> _Problem details_: The required output is the run of lines from the one holding "Butler-Hancock Tennis Complex" through the final line of the listing, restated word for word, with no pictures.

> _Stored data_:
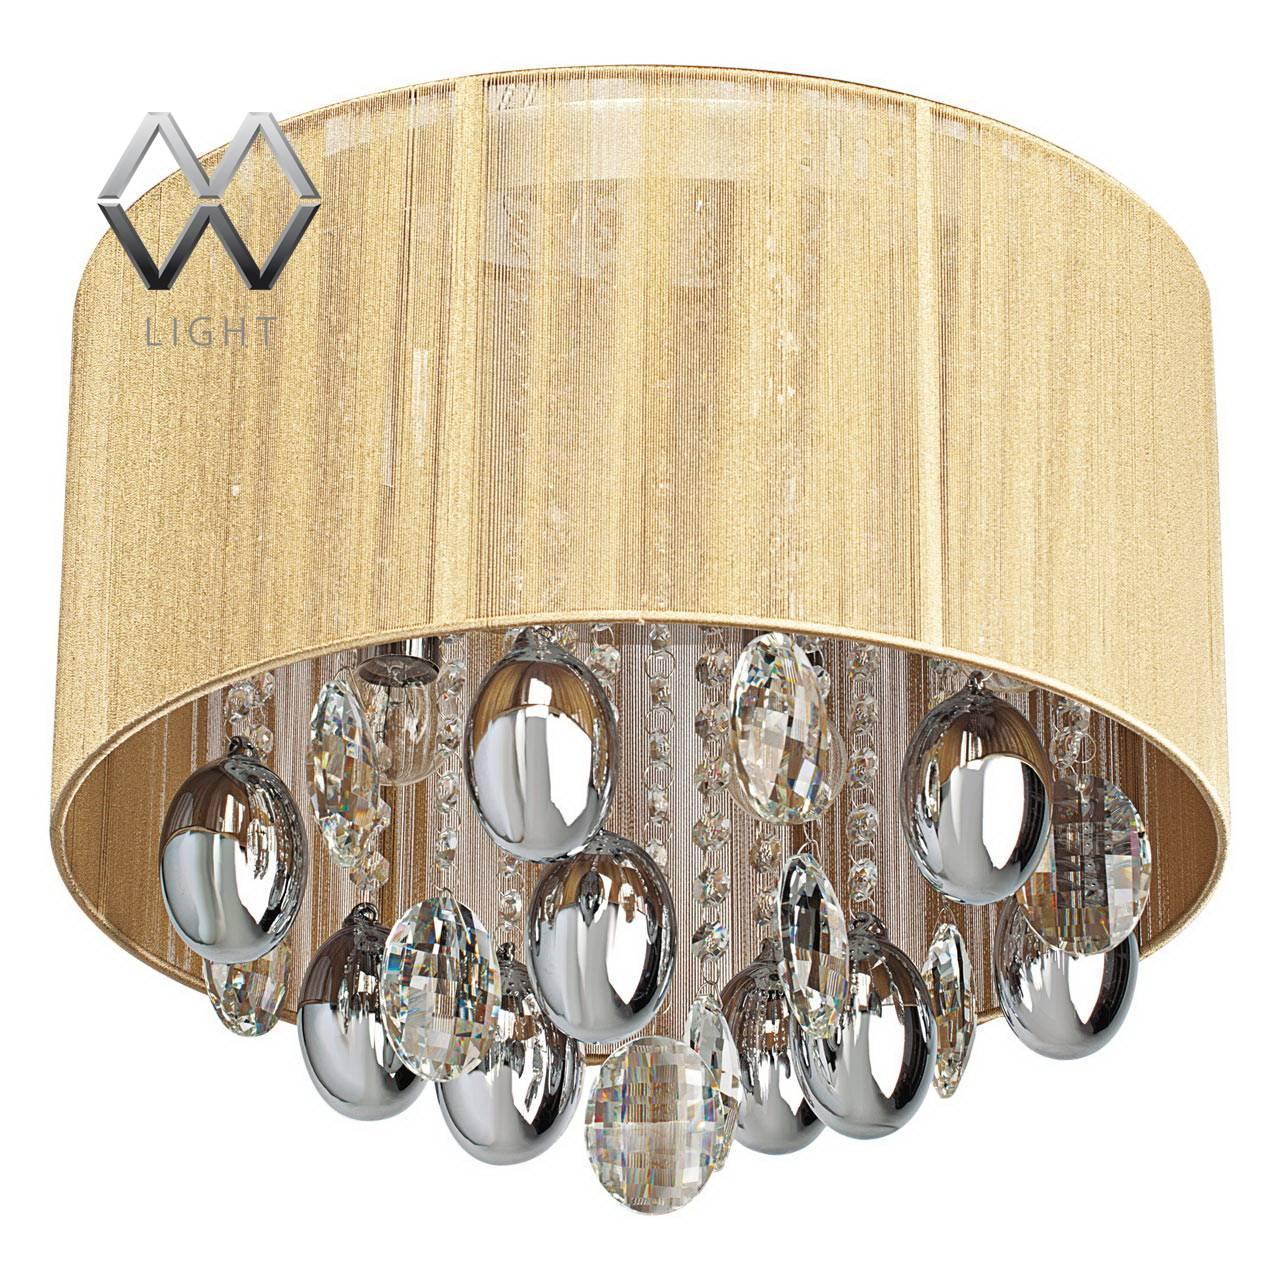 Потолочный светильник MW-Light, E14, 200 Вт потолочный светильник mw light e14 480 вт
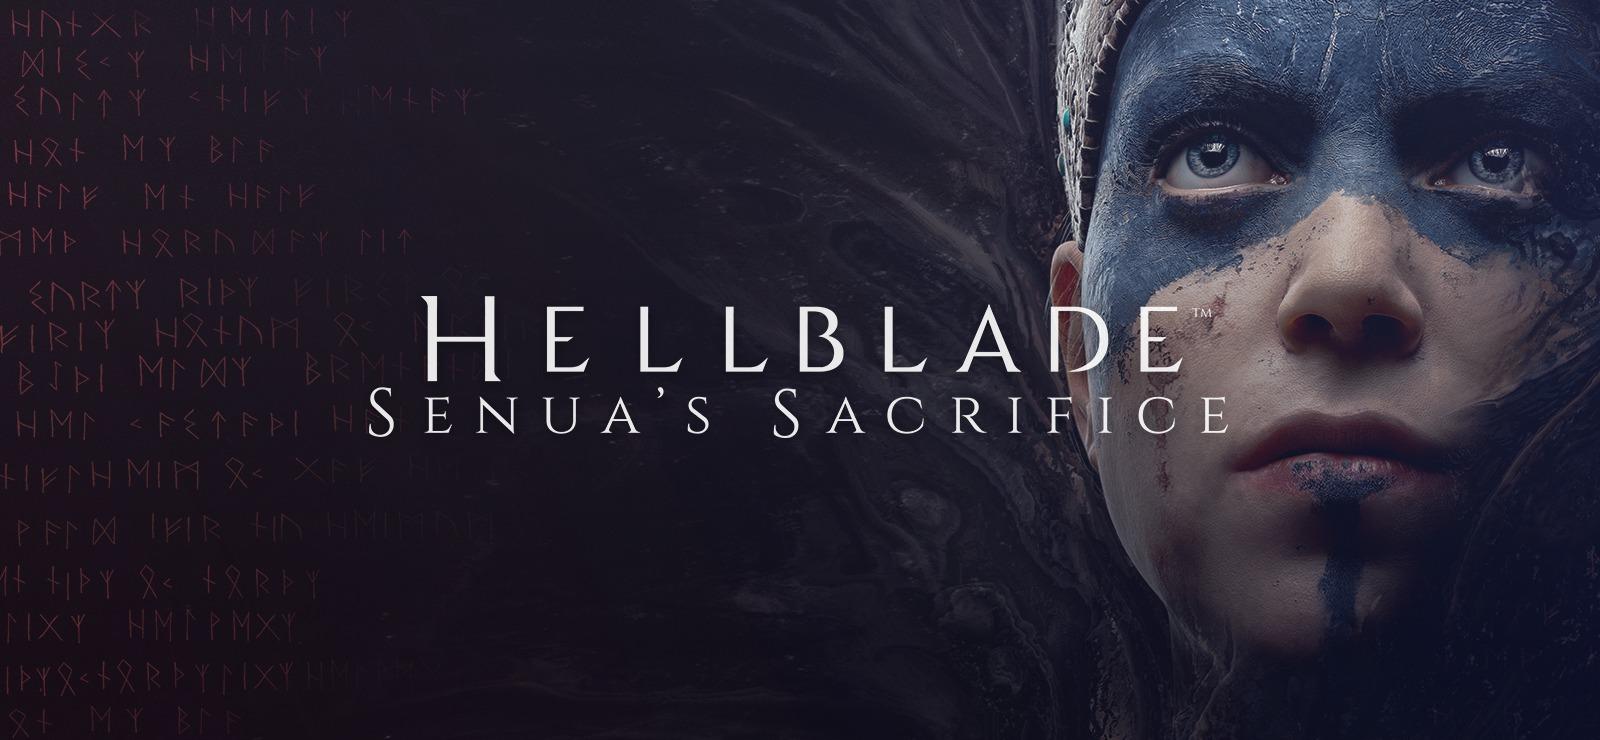 Hellblade: Senua's Sacrifice Android
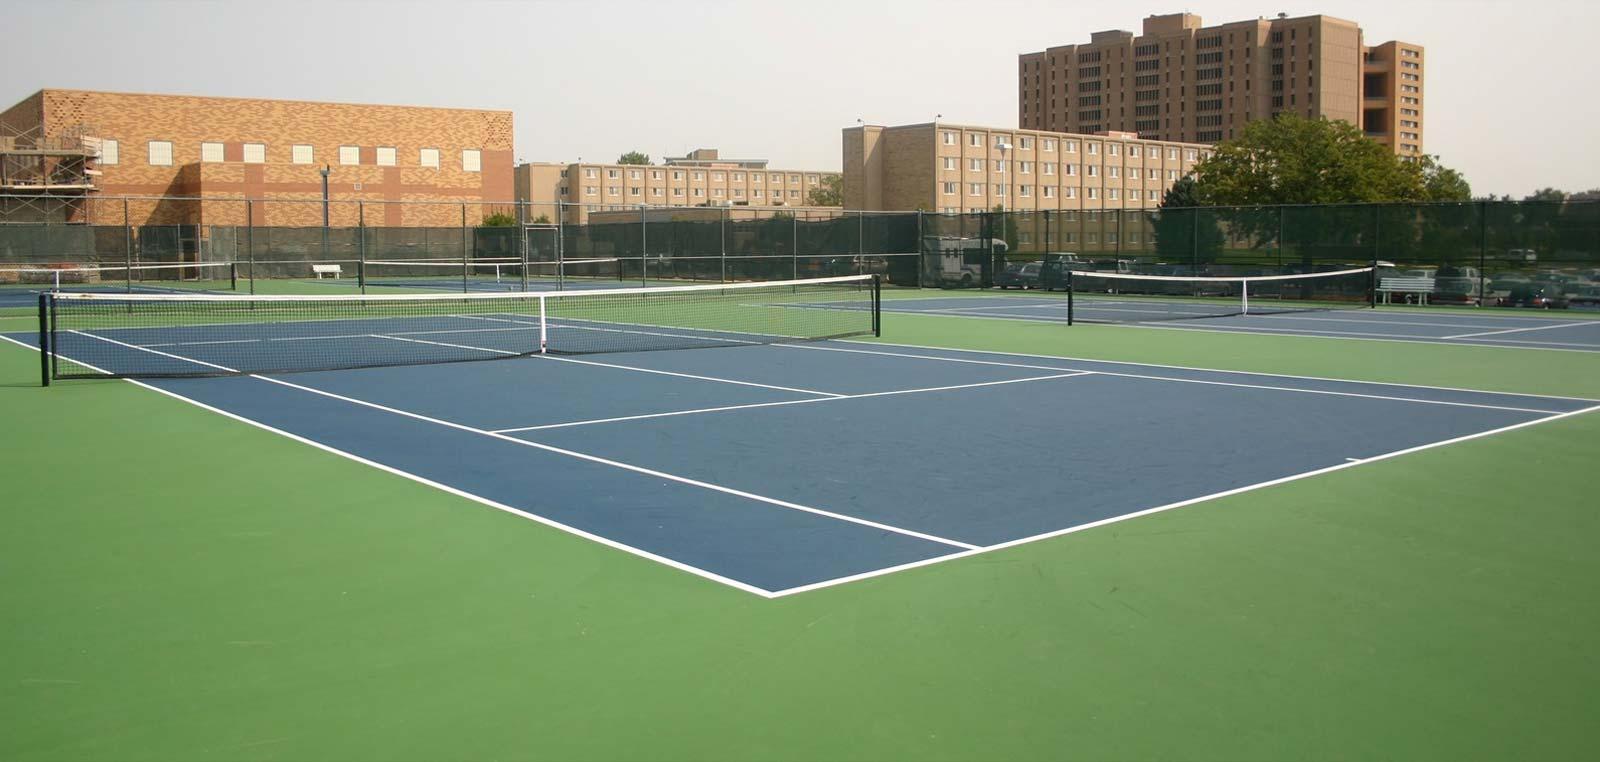 Butler-Hancock Tennis Complex
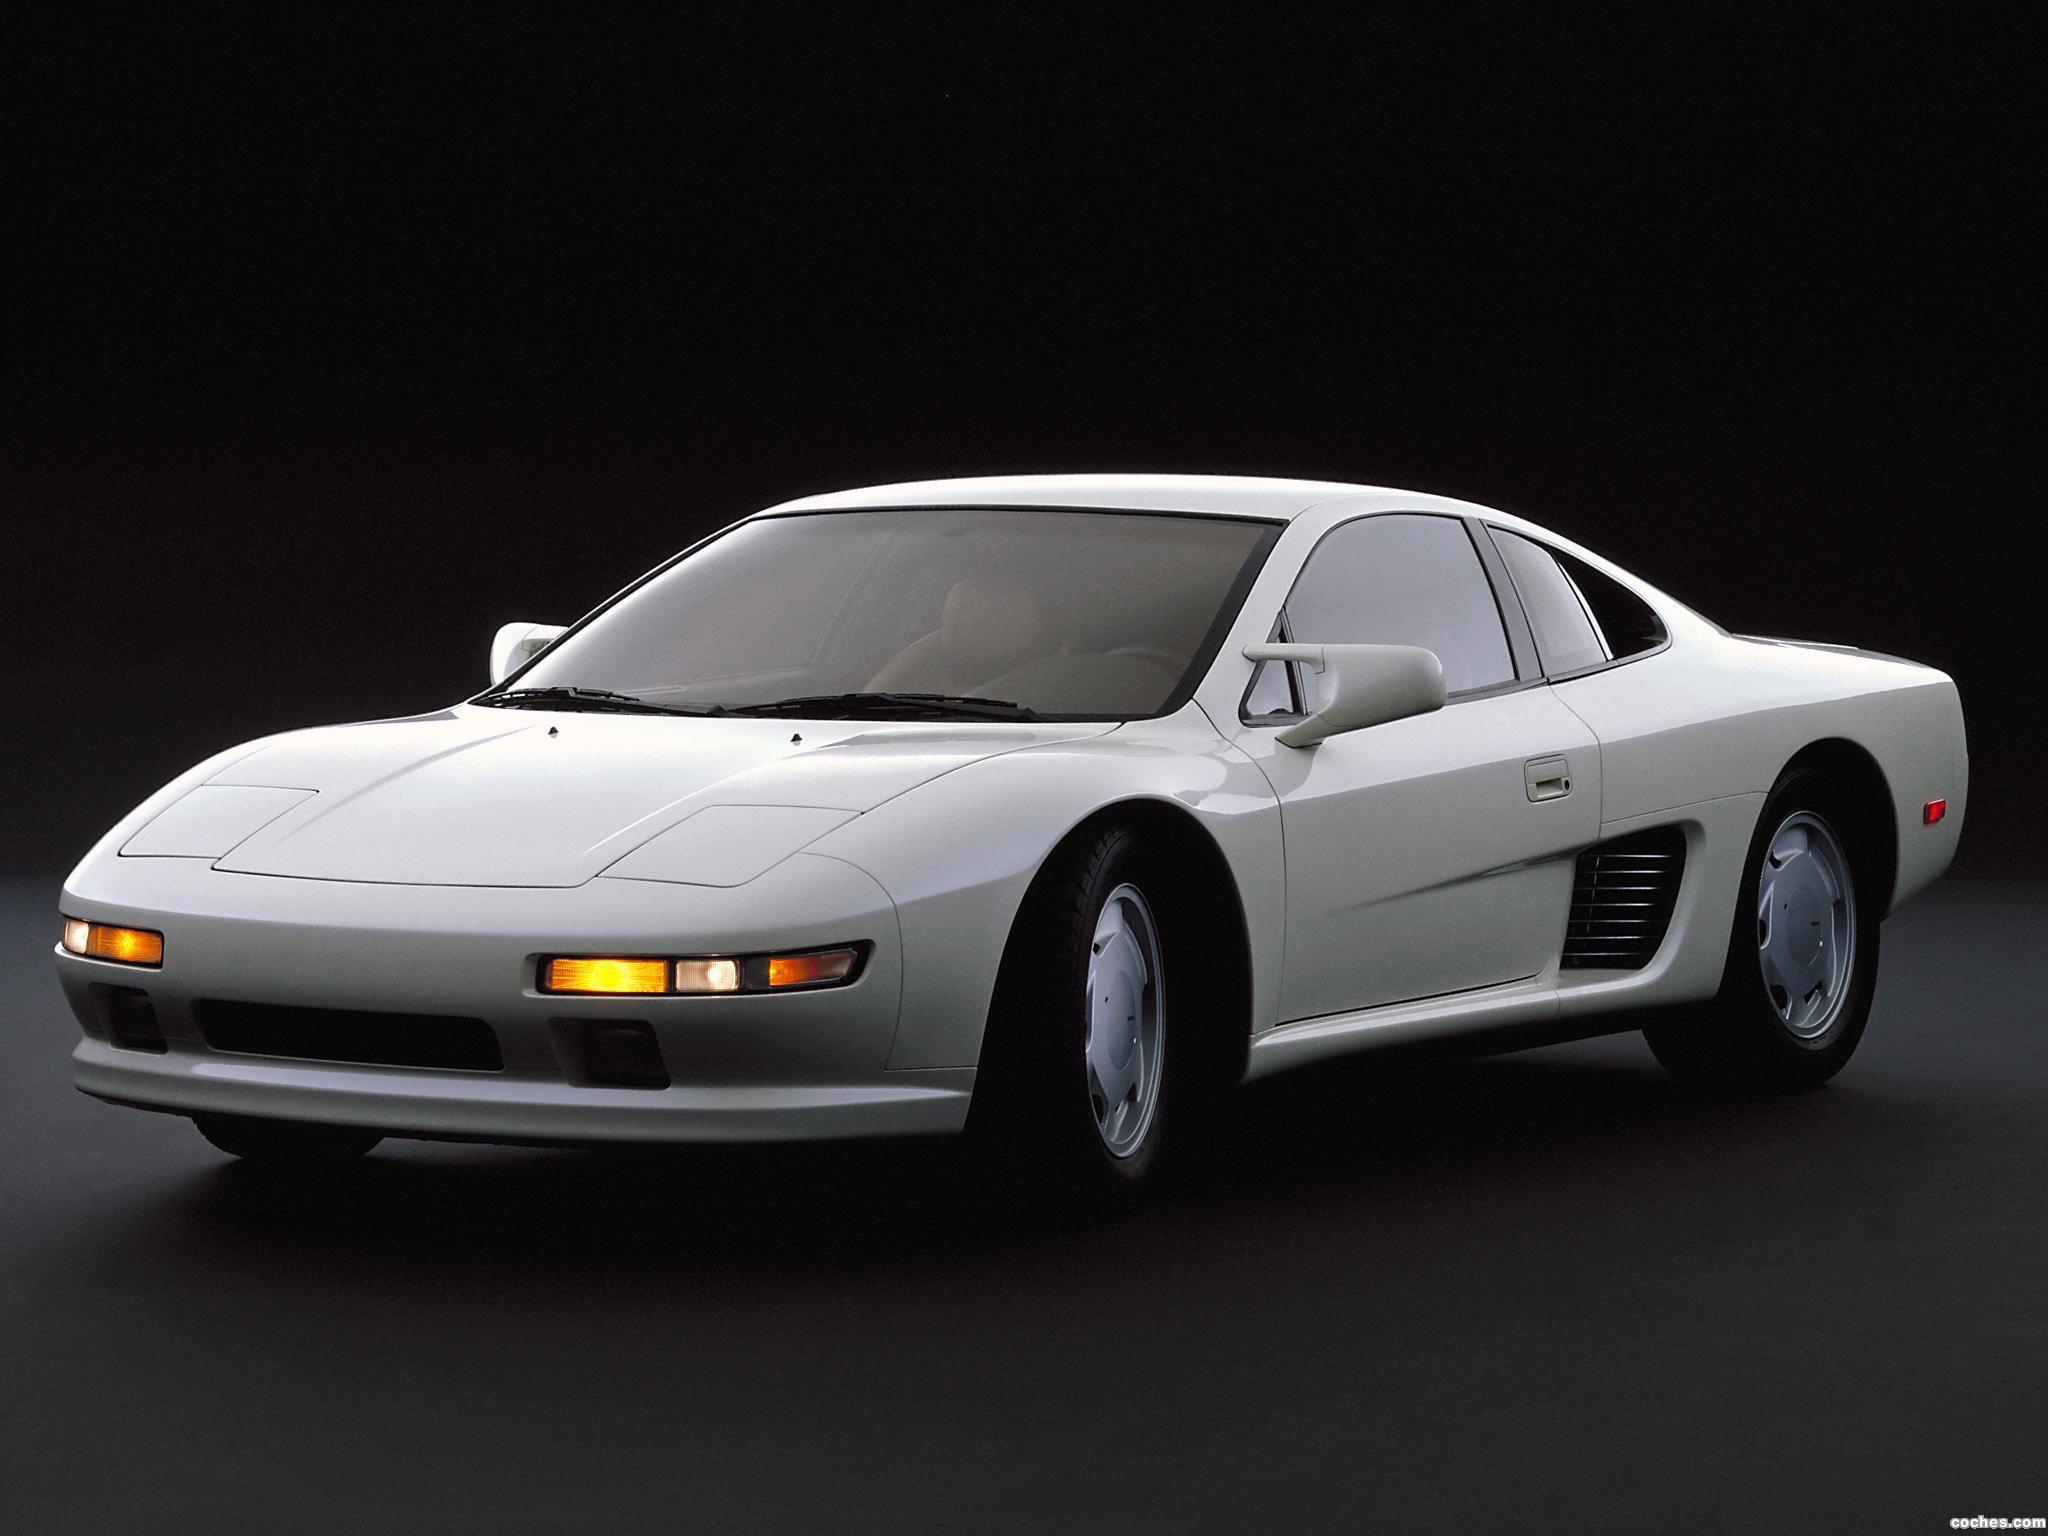 Foto 0 de Nissan Mid4 Type II Concept 1987

> _Output for this exercise_:
 Butler-Hancock Tennis Complex
 Foto 0 de Nissan Mid4 Type II Concept 1987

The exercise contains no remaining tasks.